Lo sportello si chiuse e la vettura decollò con una vibrazione potente. L’impianto di riscaldamento riempì la cabina di aria tiepida e profumata. Le luci colorate sul pannello dei comandi illuminavano i volti di Koudelka e di Drou. Un bozzolo di sicurezza tecnologica. Cordelia si sporse a controllare i monitor degli scanner da sopra una spalla della ragazza e poi guardò fuori dai finestrini: sì, due forme scure e allungate li affiancavano, caccia atmosferici di scorta. Anche Bothari li vide e annuì soddisfatto. Una parte della tensione abbandonò il suo corpo.

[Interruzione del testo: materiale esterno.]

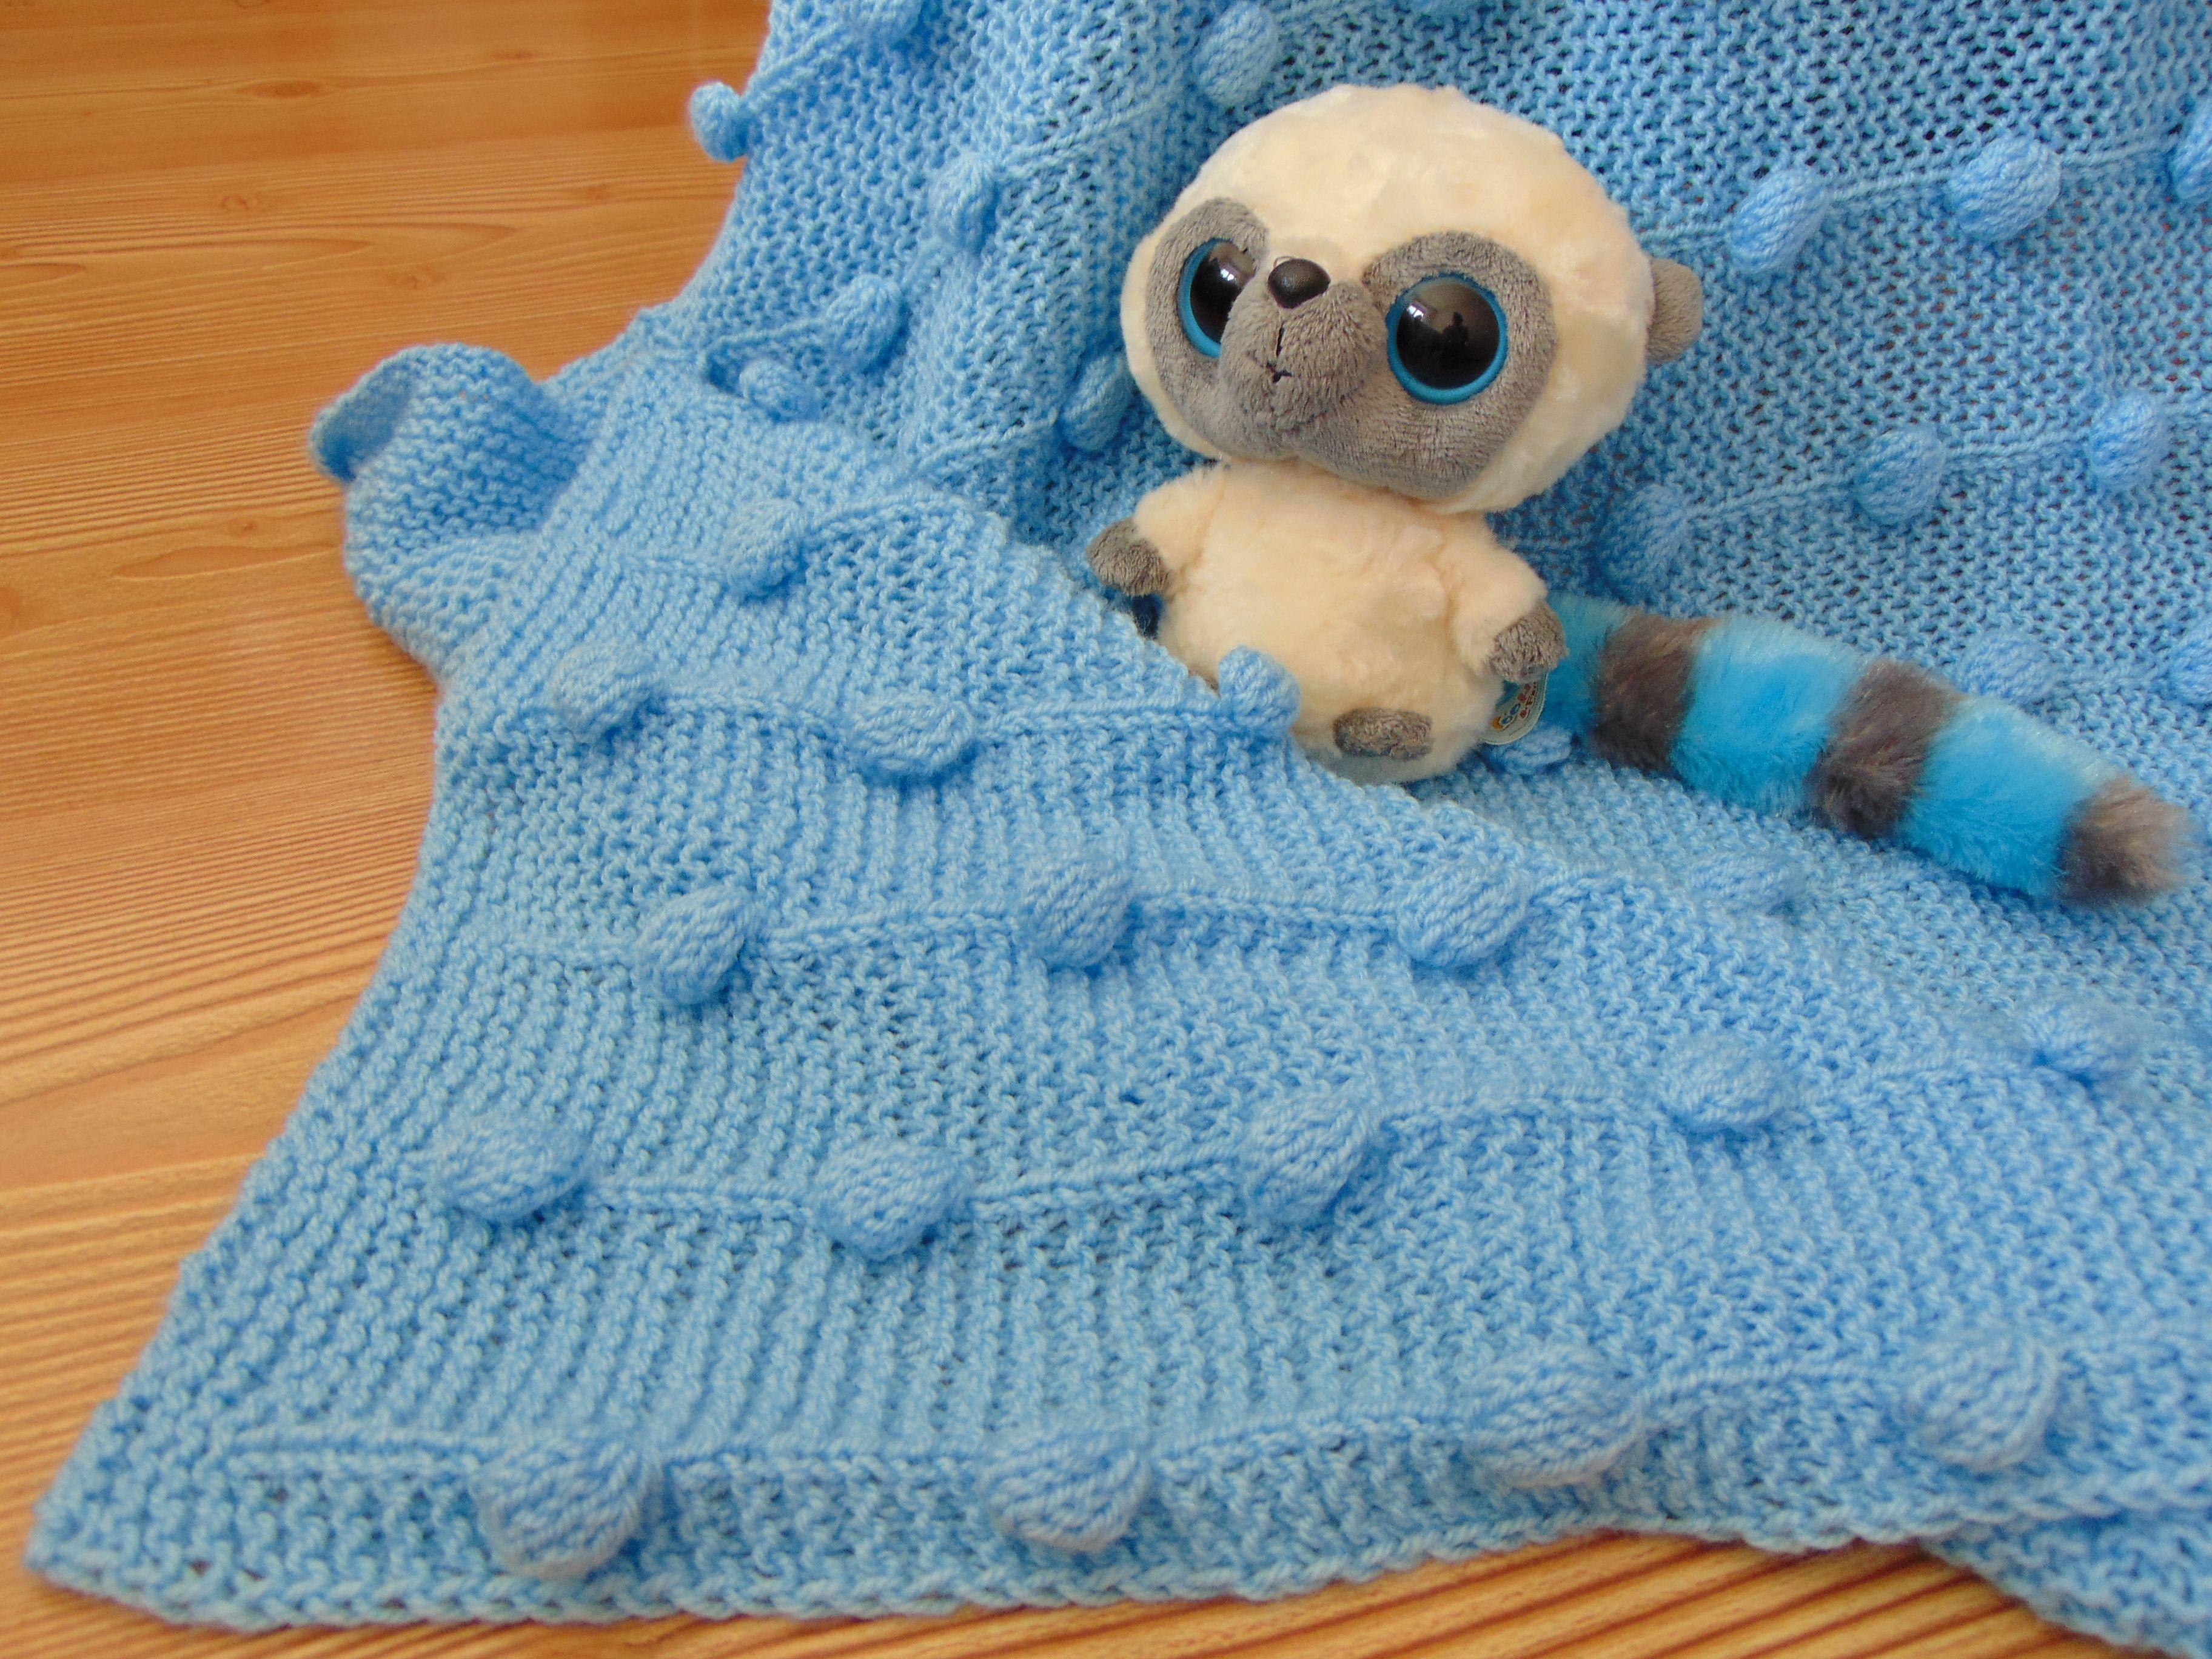 вязаный грудничку детскийплед вязание вязаныйплед одеяльце теплый плед подарок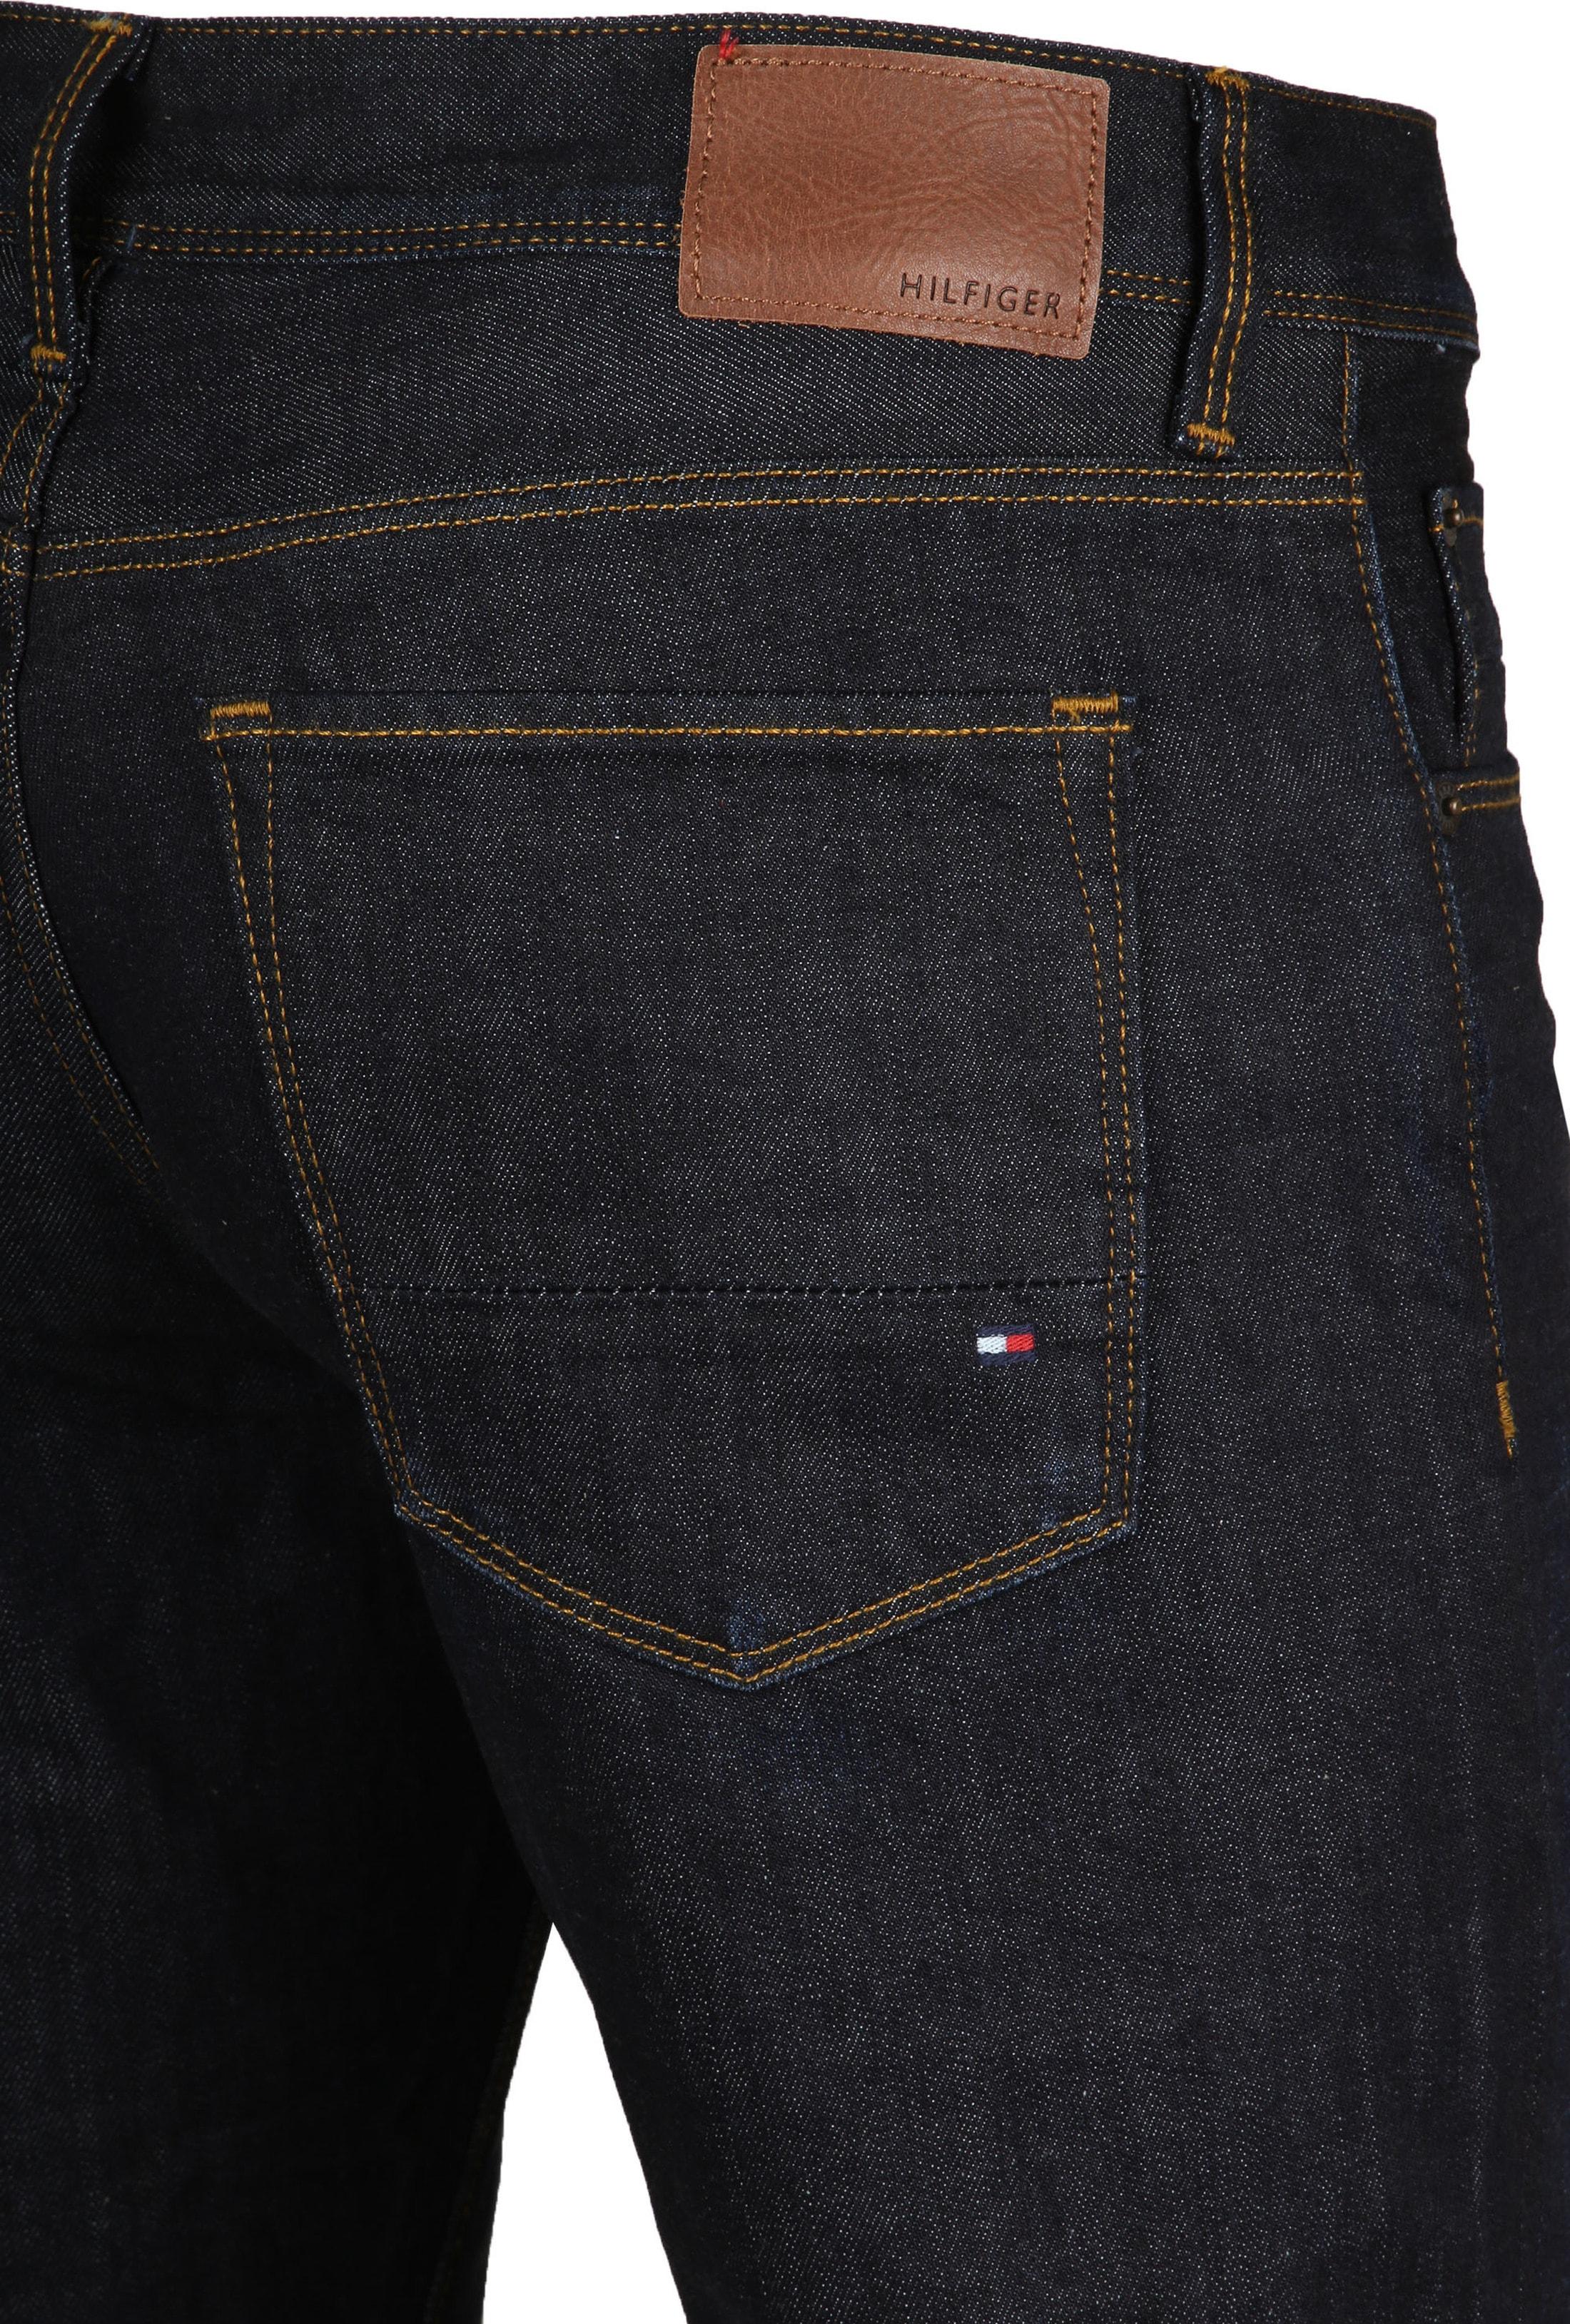 Tommy Hilfiger Mercer Jeans Navy foto 3

— È bello vedervi di nuovo… — Qualcosa nel linguaggio corporale dei due giovani, un velato riserbo, trattenne Cordelia dal dire «di nuovo insieme». — Suppongo che tu abbia dato il fatto suo a quel furfante che ti aveva accusato di sabotaggio.

— Appena il Lord Reggente ha avuto il tempo di fargli una dose di penta-rapido, milady — annuì Droushnakovi. — L’uomo non ha avuto il coraggio di suicidarsi prima d’essere interrogato.

— Era lui il sabotatore?

— Sì — rispose Koudelka. — Aveva ricevuto un segnale radio in codice. Vordarian lo aveva corrotto già quattro mesi fa.

— Questo solleva molti dubbi sul nostro sistema di sicurezza. Ha agito da solo?

— Sembra di sì. È stato lui a fornire le informazioni sul nostro percorso, il giorno dell’attentato con la granata sonica. — Koudelka ebbe un involontario moto di disagio, al ricordo.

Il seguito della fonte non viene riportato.